Вожак выравнивается с Рыжухой и прыгает на неё. Рыжуха шарахается в сторону, в сугроб… Сани переворачиваются: оглобли сворачивают хомут, он захлестывает Рыжухе горло. Она хрипит и бьётся в оглоблях. Волчица, настигшая её, с другой стороны, прыгает на неё и впивается клыками вбок.
Мы с дедом вываливаемся под ноги отставшим трём волкам. Один из них с ходу впивается клыками в тулуп деда и тут же получает от него удар японским штыком в брюшину. Зверь кружится от боли на окровавленном снегу, жалостливо визжа. Два других на какое-то мгновение отскакивают от нас.
Я, воодушевлённый решительными действиями деда, принимаюсь крутить трещотку своего деревянного автомата, при этом кричу что-то несуразное. Я расстреливаю волков, представляя, что это фашисты, внезапно напавшие на нас. Фашистов я видел только в кино, но у меня стойкое убеждение, что их нужно расстреливать за все злодеяния, которые они сотворили.
Волки, заслышав неожиданный для себя металлический треск, трусливо поджимают хвосты, и, оставив нас, быстро бегут в сторону леса…
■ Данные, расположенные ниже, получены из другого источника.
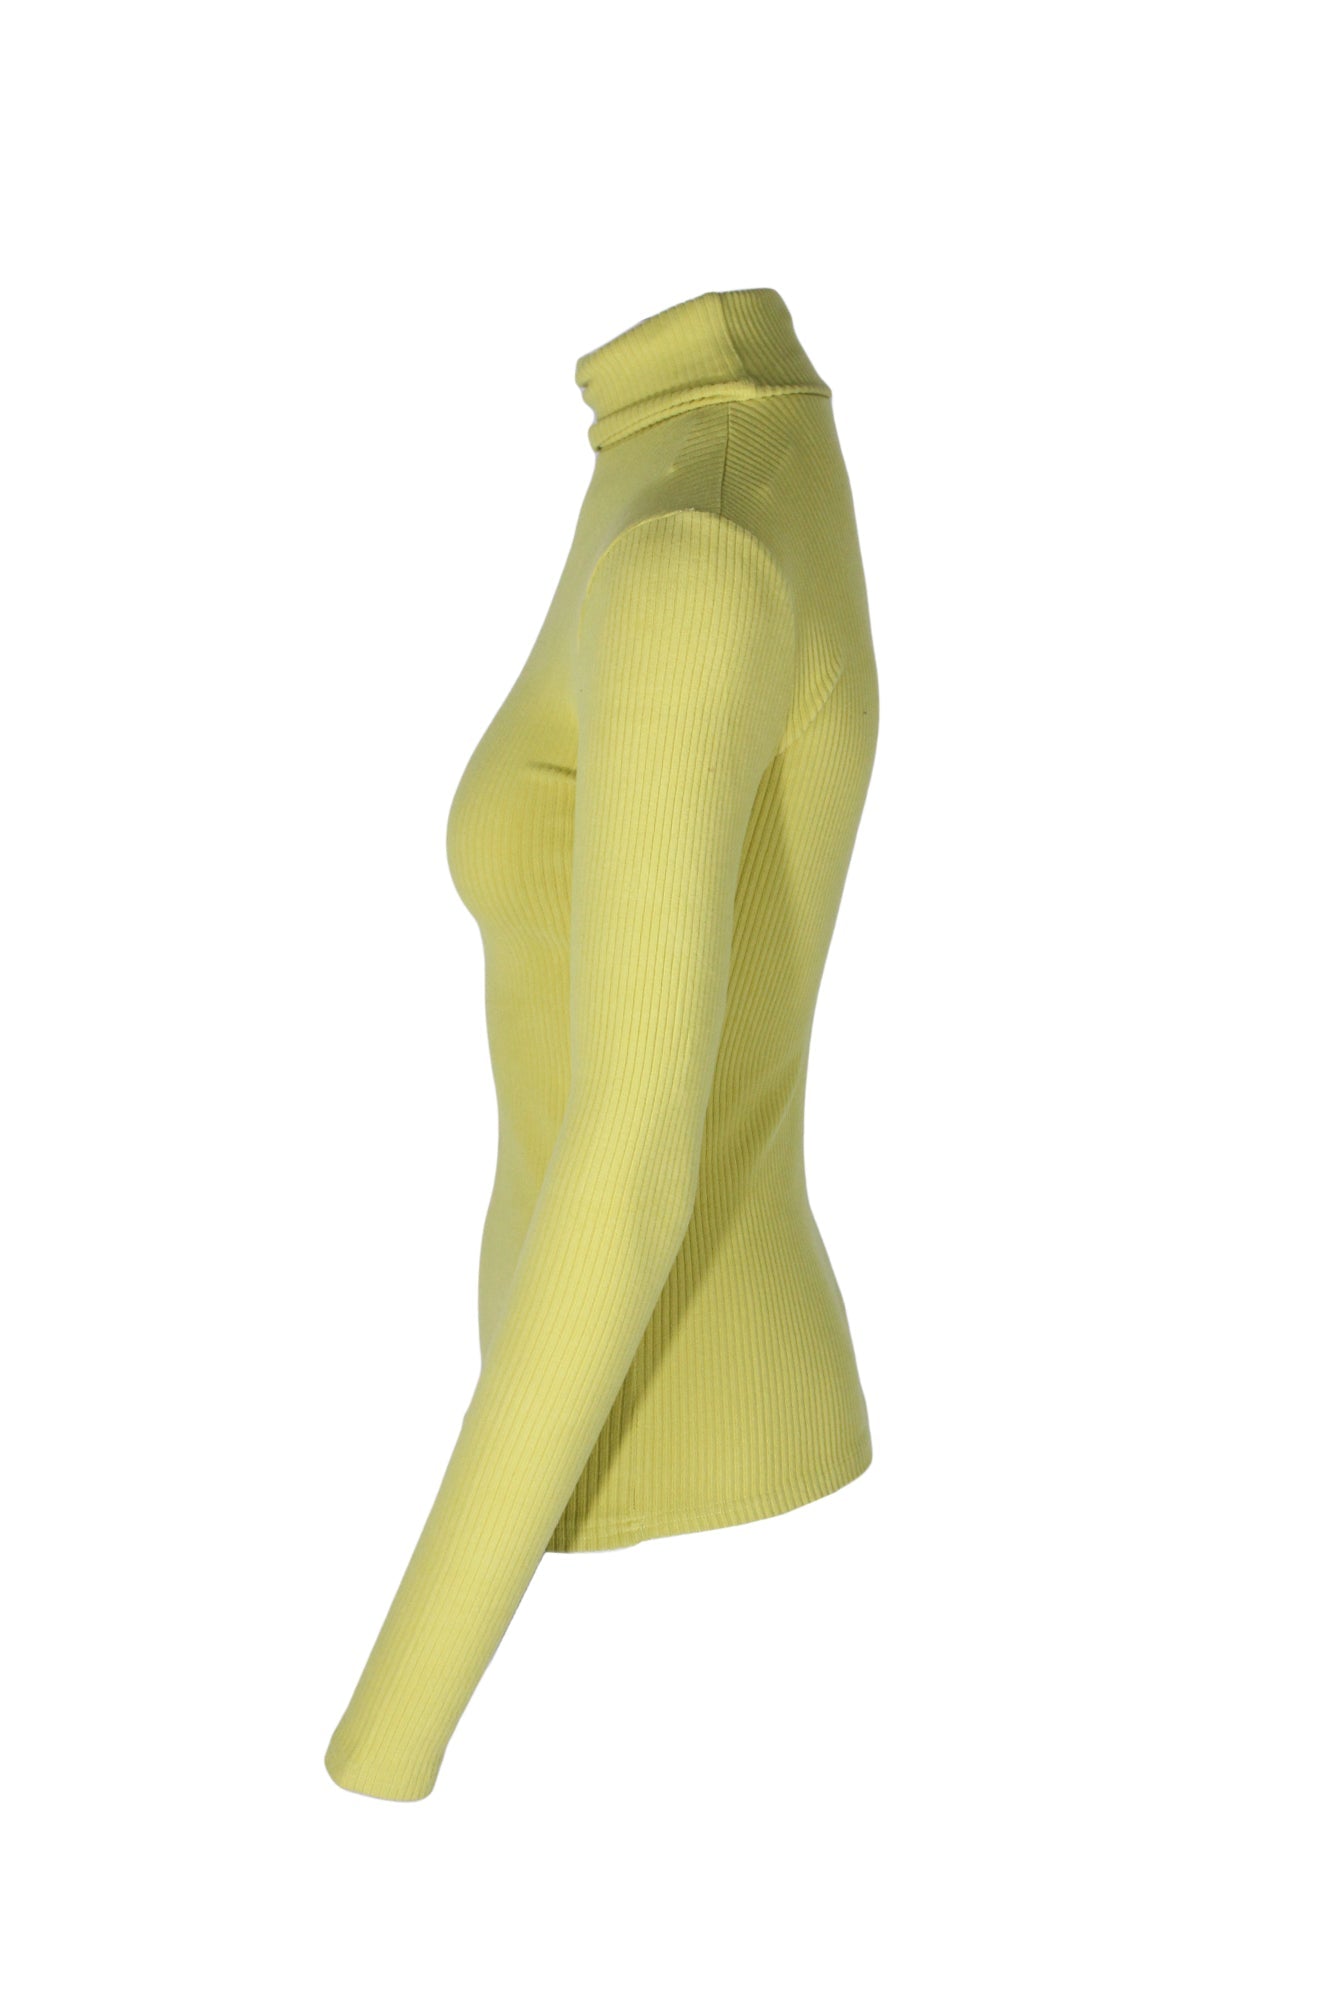 side angle unlabeled chartreuse rib knit top on feminine mannequin torso.

– Деда, миленький, мы победили фашистов? – плача навзрыд спрашиваю я его.
– Да, внучок. Мы их победили. Никола-угодник, твой заступник, не оставил нас в беде. Пойдём быстрее домой, мне нужно объяснить всё своим богам и просить их, чтобы они простили мне измену…
– Какую измену? – спрашиваю я.
Но мой вопрос тонет в безмолвии. Дед, молча, высвобождает из упряжки раненую кобылу, и мы идём к деревне, держа под уздцы перепуганное до смерти животное.
Вечером этого же дня дед Яшка неожиданно заболевает. Узнав об этом от своей бабушки, я спешу к нему.
Дед лежит в горнице на кровати, во всём чистом и белом.
– Деда, ты же не умрёшь? – заподозрив неладное, спрашиваю я его.
– На все воля божья, – отвечает он мне явно слабым голосом. – Сёмка, не забудь, что ты отныне должен почитать своего спасителя Николу-Чудотворца – он самый старший среди святых. Его я просил в своей молитве спасти нас от волков, так как он не только истребитель змей, но и волчий пастырь.
– Хорошо, я буду его почитать, – клятвенно обещаю я деду.
Утром следующего дня дед Яшка умирает. Свадьбу Григория переносят на осень.
Я долго горюю по своему любимому деду и этим пугаю свою бабушку, поэтому она, втайне от моих родителей, решает свезти меня в район и там крестить в небольшой церквушке.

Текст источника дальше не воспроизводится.